What is the Role of JAF Consulting in REDCap Validation?

“Reducing risk while strengthening research electronic data capture (REDCap) processes for institutional organizations and teams.”

The fundamental goal of JAF Consulting Inc. is to provide a risk-based approach to the validation of REDCap’s Electronic Informed Consent (eIC) module, Electronic Data Capture (EDC), eDocs (21 CFR Part 11 file upload feature), all other REDCap core functionalities to ensure compliance with current FDA regulations and guidelines per Good Clinical Practices.

Validation Approach:

The JAF risk-based validation approach provides a very cost effective solution for the implementation of  eIC, EDC, and eDocs (file upload) for the REDCap system. Risk-based validation includes as-built configuration verification along with validation testing of user / functional / configuration requirement specifications.  The current installation of REDCap v 10or higher has the eIC, EDC, and eDocs (file upload) included as part of the installation file.  Industry accepted Software Development Life Cycle (e.g., Agile, Waterfall, Rapid Application Development, Lean, Iterative, Spiral) model is adopted to implement the REDCap system at each client site. Based on the software development lifecycle model, risk assessment is performed on  project and functional levels. Having direct impact on patient safety this system falls in the GxP major category. Functional risk assessment is performed on critical business requirements, 21 CFR part 11 requirement(s), data integrity requirements infrastructure, security and non-functional requirements.  Based upon the outcome of the assessment, all identified risks are mitigated through validation testing.

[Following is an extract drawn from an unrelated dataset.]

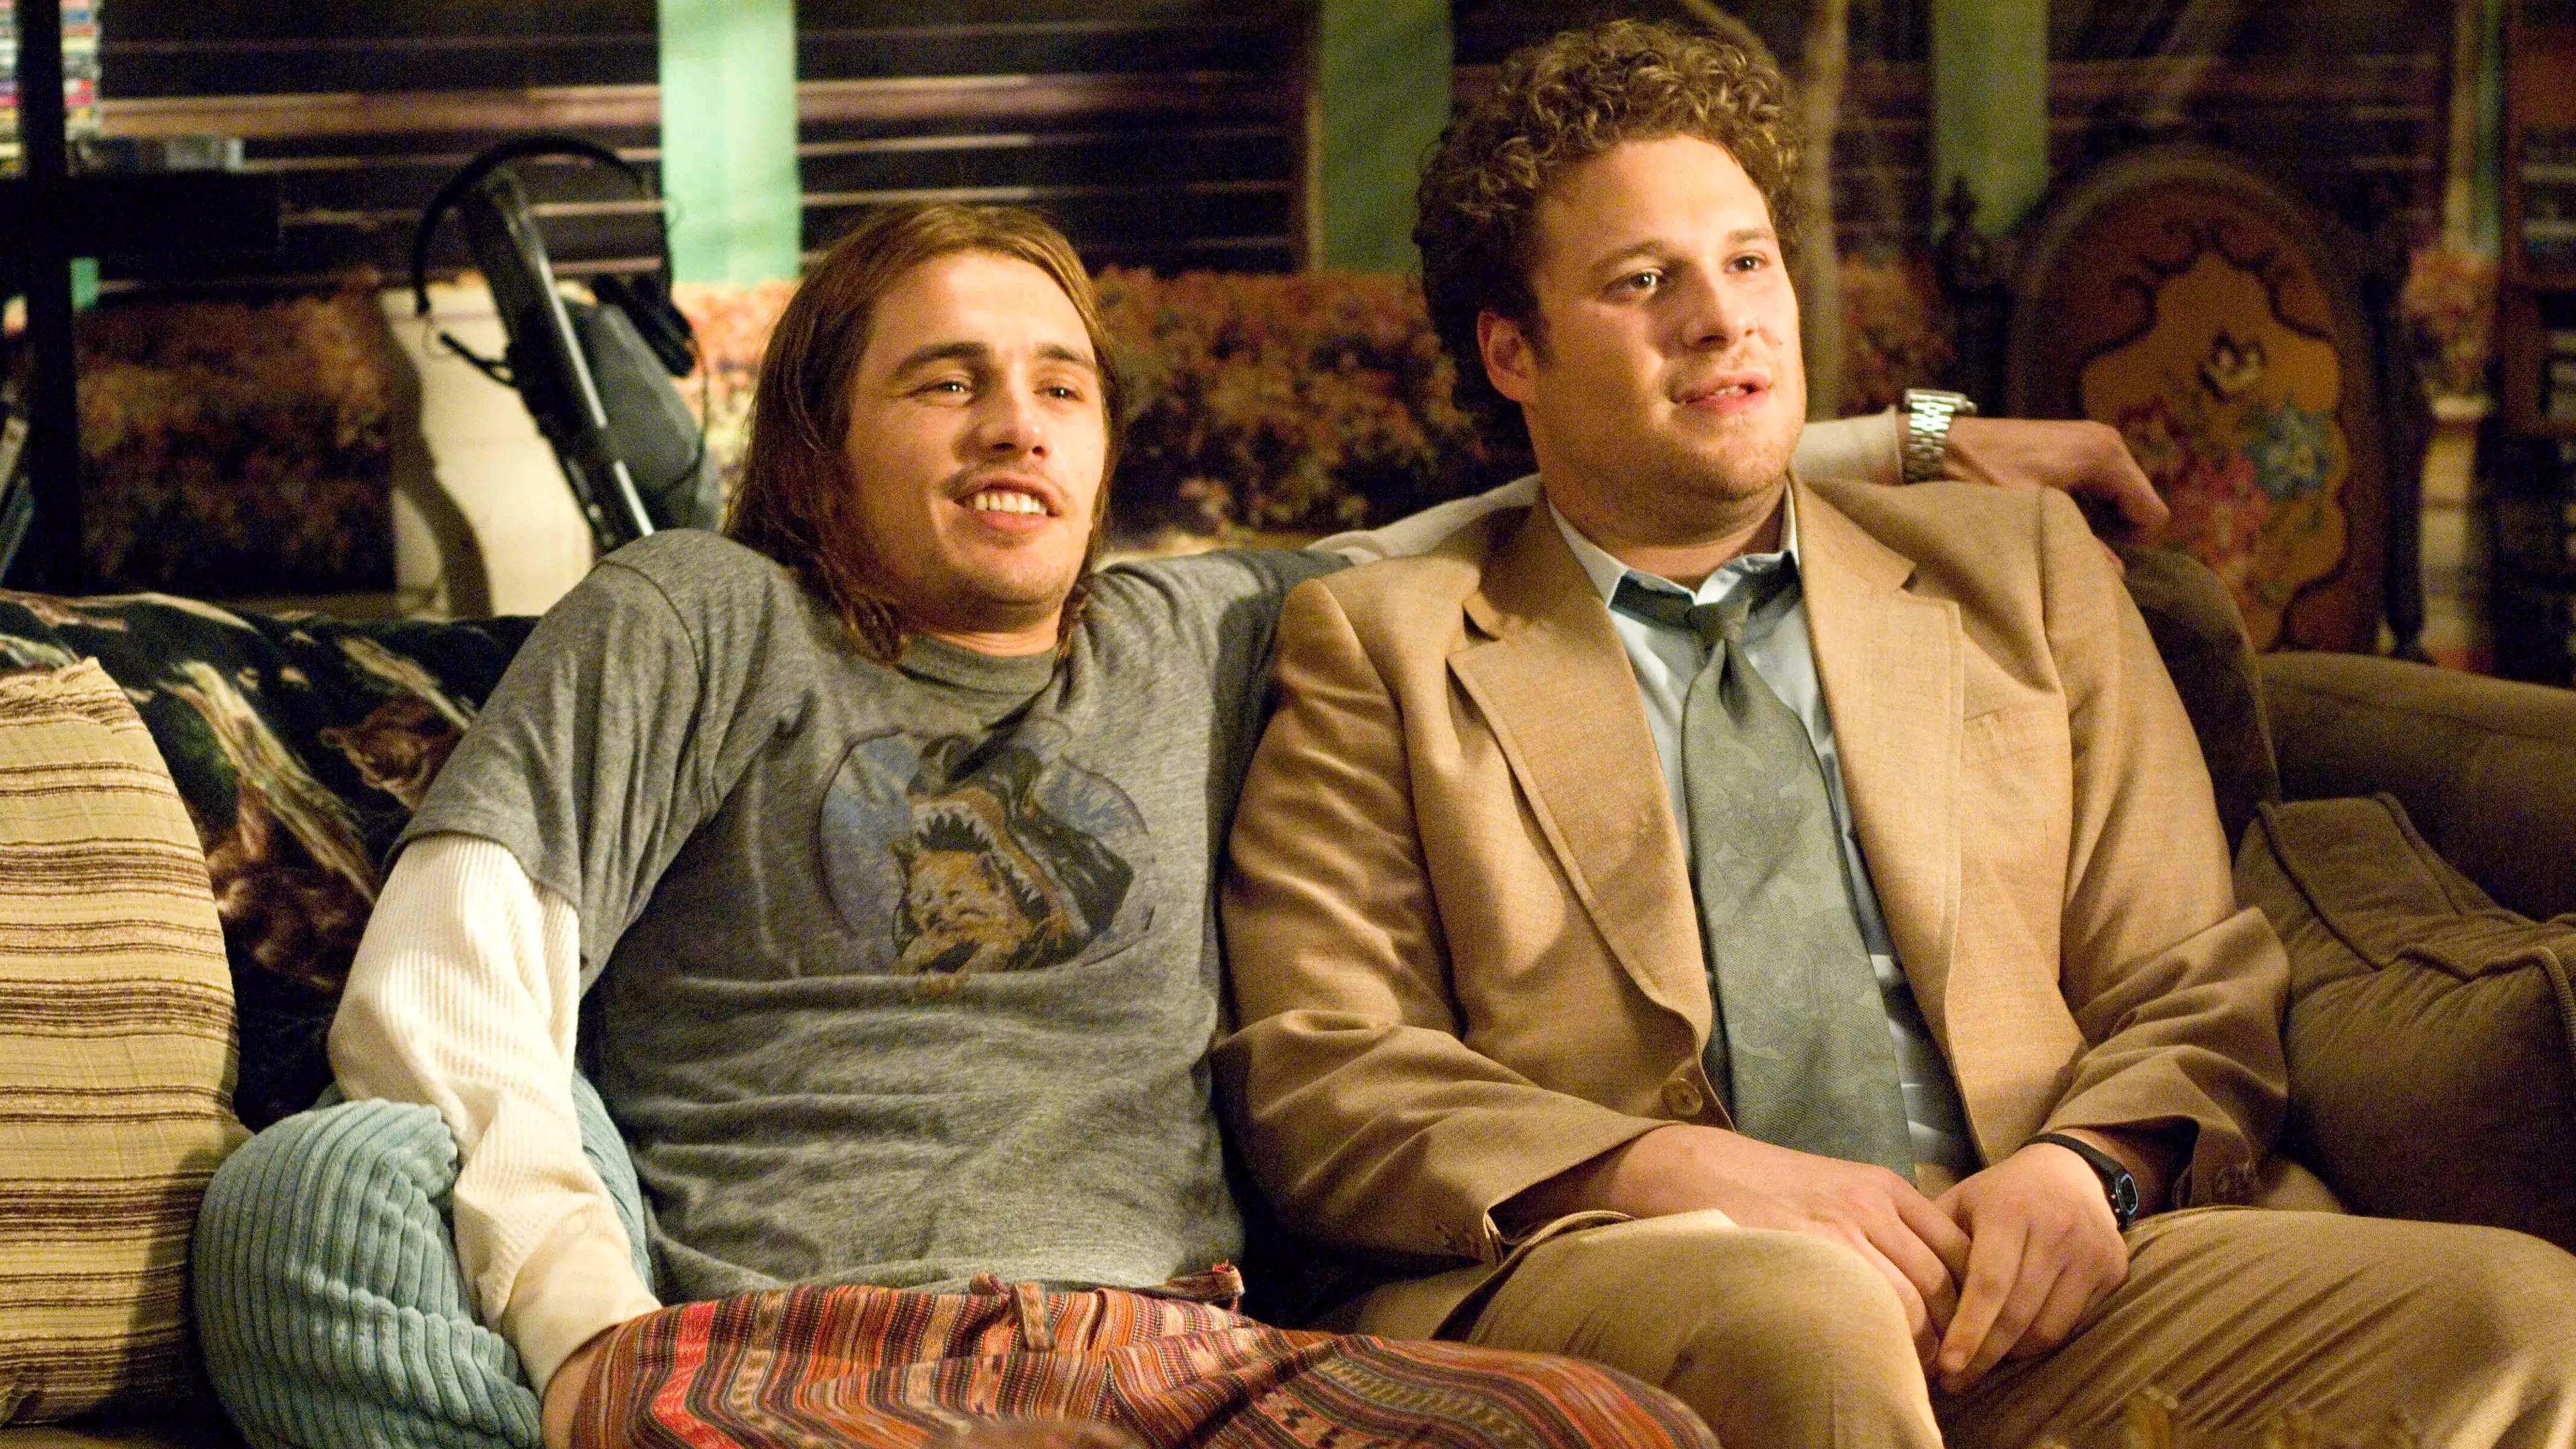 Men Have More Fun Hanging Out With Men Than Their Girlfriend, Study Claims

JAF deliverables provided for the validation effort include:

1) GxP Assessment
2) Validation Master Plan
3) System Requirements Specification (includes URS/FRS/CS)
4) Installation Qualification
5) Operational Qualification
6) Performance Qualification
7) Requirements Traceability Matrix
8) Operation and Administration Standard Operating Procedures (SOPs)
9) Validation Summary Report
10) Release Memo

What makes JAF a perfect partner for your REDCap implementation and validation?

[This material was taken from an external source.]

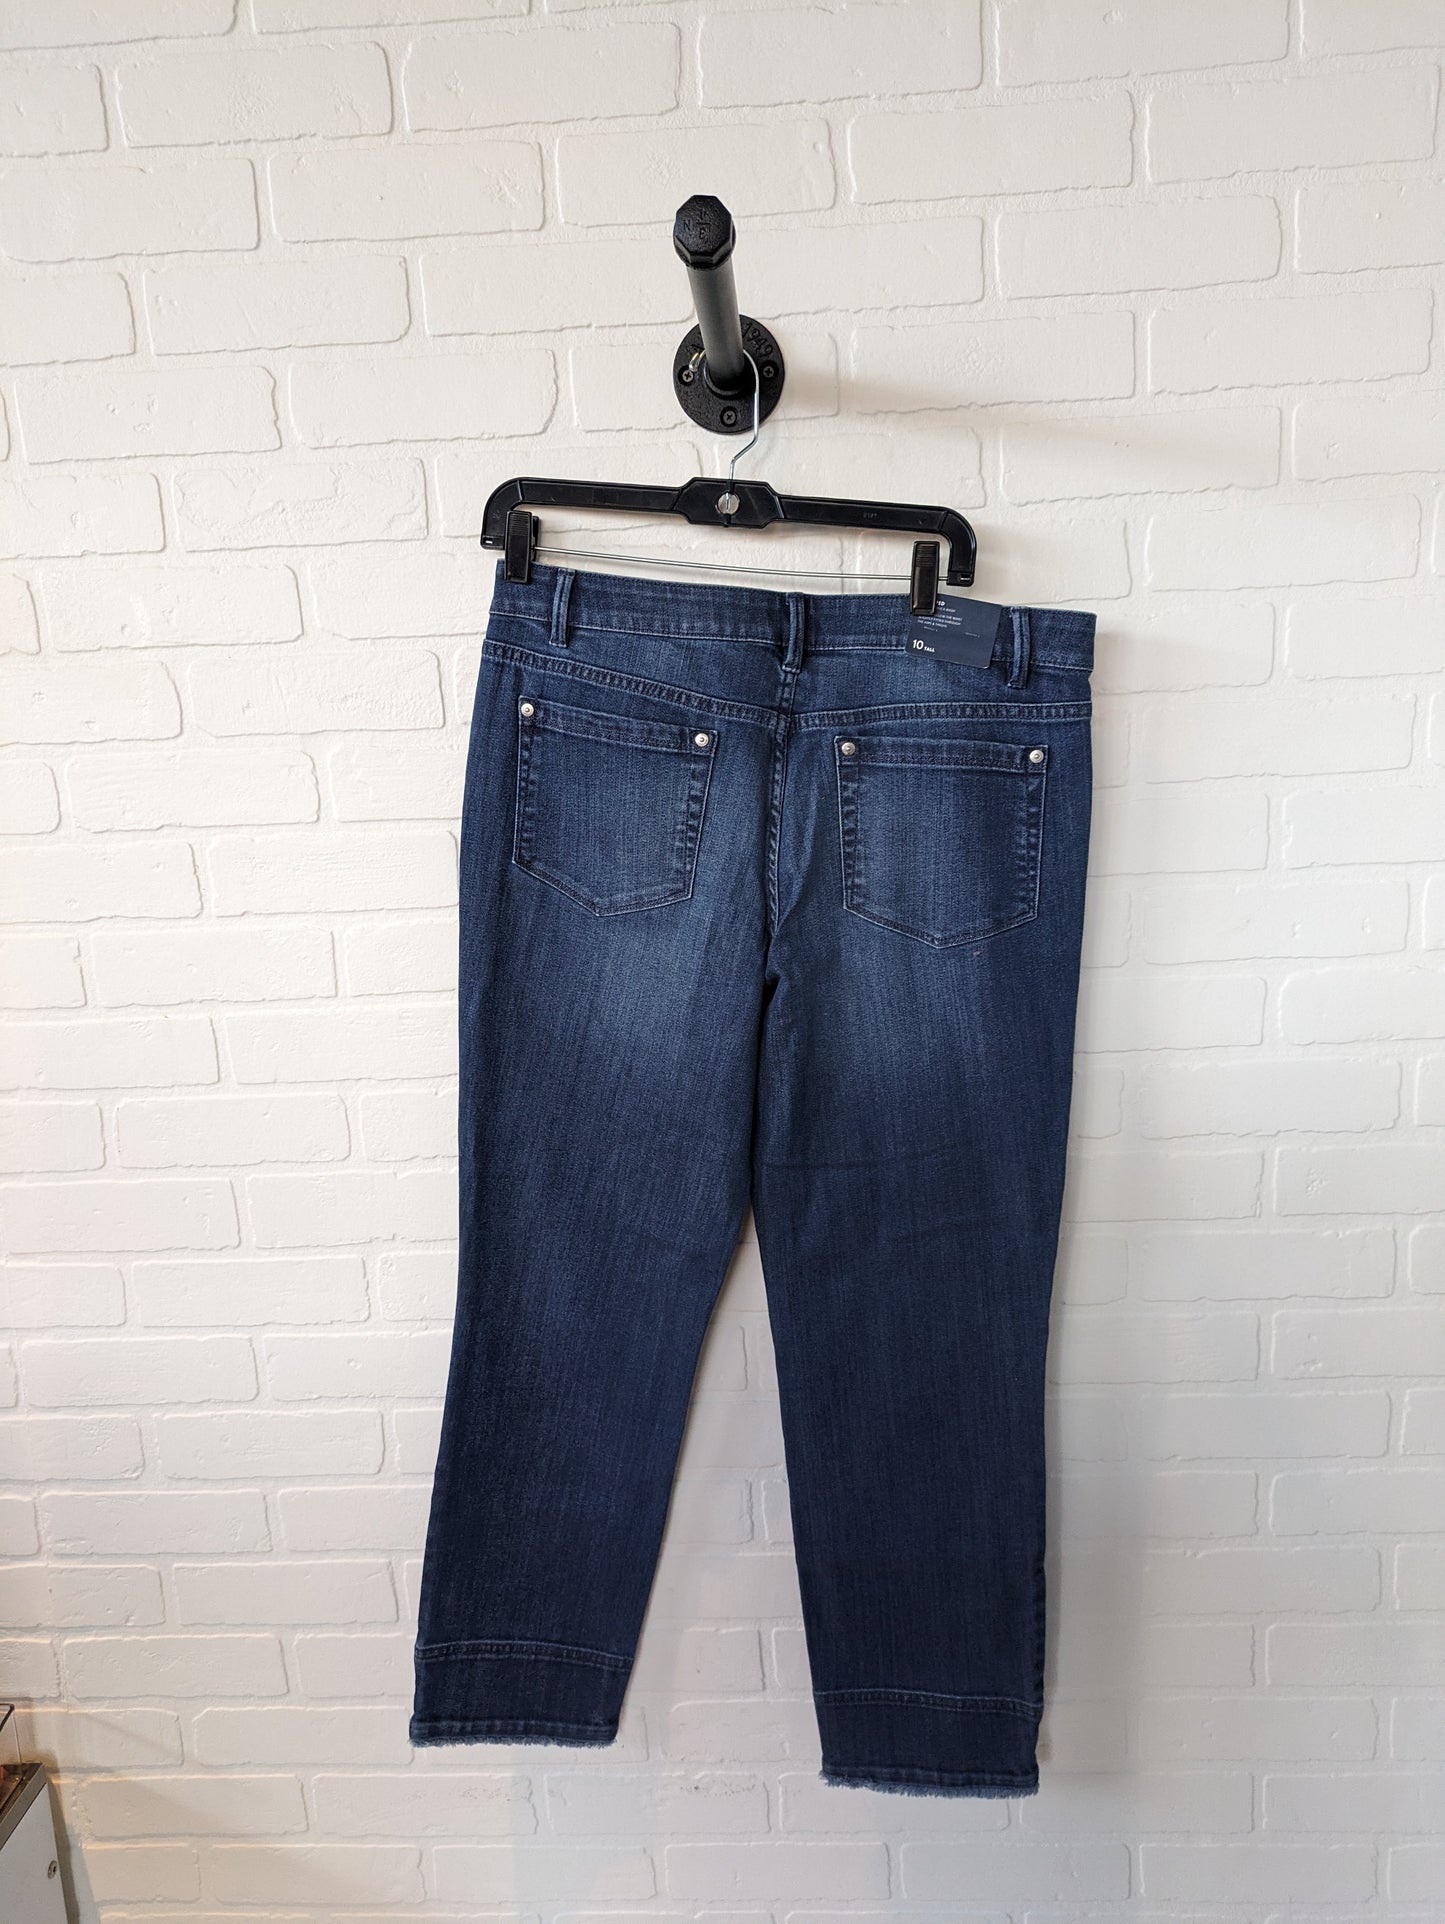 Jeans Cropped By J Jill  Size: 10tall

JAF has implemented the REDCap application at various client sites utilizing numerous use cases. The JAF team has been involved with :

Fully validating eConsent, EDC and REDCap core functionality modules.
Identifying and resolving any implementation issues prior to system handover to a client.
Provided Quality Assurance to all REDCap implementations that resulted in the application meeting regulatory compliance.
Worked closely with the client to ensure they achieved a smooth validation knowledge transfer after project delivery.
Worked with clients on identifying training requirements and training plan for the site.
Worked with clients on developing a Quality Management System (QMS) to ensureREDCap stays compliant, post hand over.
Worked with clients in identifying and validating custom built functionalities for the REDCap application.

Possible Risks and Threats of not validating REDCap found by JAF:

A non-validated product can result in not meeting the expectations of regulatory agencies.Following are examples of frequently observed compliance gaps:

1. Incorrect segregation of duties.
2. Business processes are not optimized.
3. Data Access groups were not properly configured for the application of different sites.
4. Creating non-validated custom build features for production use.
5. Information has not been backed up at an encrypted secondary location.
6. There is no disaster recovery plan in place.
7. There is no training plan in place for the REDCap system’s operation and administration.
8. Upgrades and changes that are not documented to ensure continuance of business processes.

How does JAF ensure system integrity:

We meet the ALCOA+ guidelines, through

Extensive system testing,
Implementing procedural controls for system operation, administration and maintenance, Providing quality assurance oversight
Establishing Business Continuity and Disaster Recovery Process for the application.